Building equity in your home is like a savings account – the more you put toward it, the better. Your home’s equity grows with each mortgage payment you make and with time.
According to BankofAmerica.com, you can calculate your equity based on current appraised value less any mortgages tied to your home. If your home is appraised at $400,000 and you owe $120,000, then your equity is $280,000. But that doesn’t mean you have savings of $280K; it just means that you have a general idea of how much your home will yield should you sell it at that moment, less closing costs, of course.
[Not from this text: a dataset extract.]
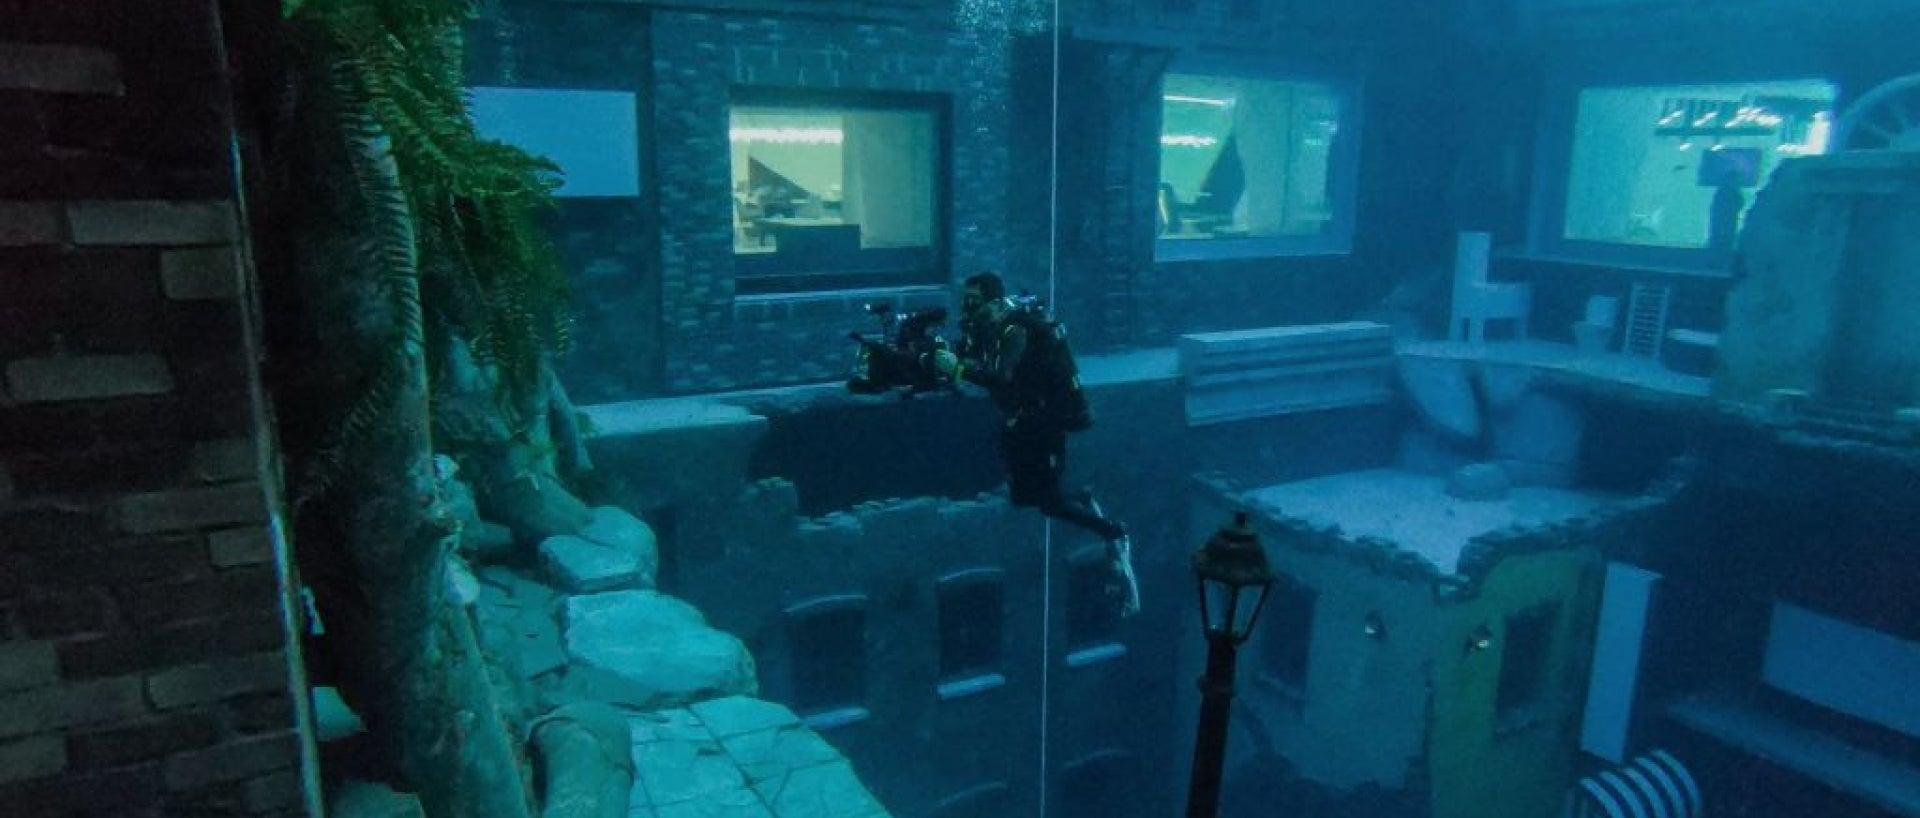 Deep Dive Dubai diver enjoying pool

Lenders consider equity differently. You can begin building equity the moment you purchase your home with your down-payment. ($400K – 20% = $320K) Your loan amount would be $320K and the equity in your home would be $80,000. You can increase your equity by paying your mortgage regularly and paying a little extra every month, which speeds up the amortization of your loan.
To approve a home improvement loan or to determine whether to eliminate private mortgage insurance, lenders take the appraised amount and divide it by your loan balance to get a percentage of how much equity you have. Divide your current loan balance by your home’s appraised value, then multiply by 100. ($120K ÷ $400K = 35%) That means you own 65% of your home.
These numbers are theoretical until you sell your home. Meanwhile, watch your savings grow on your monthly mortgage statement!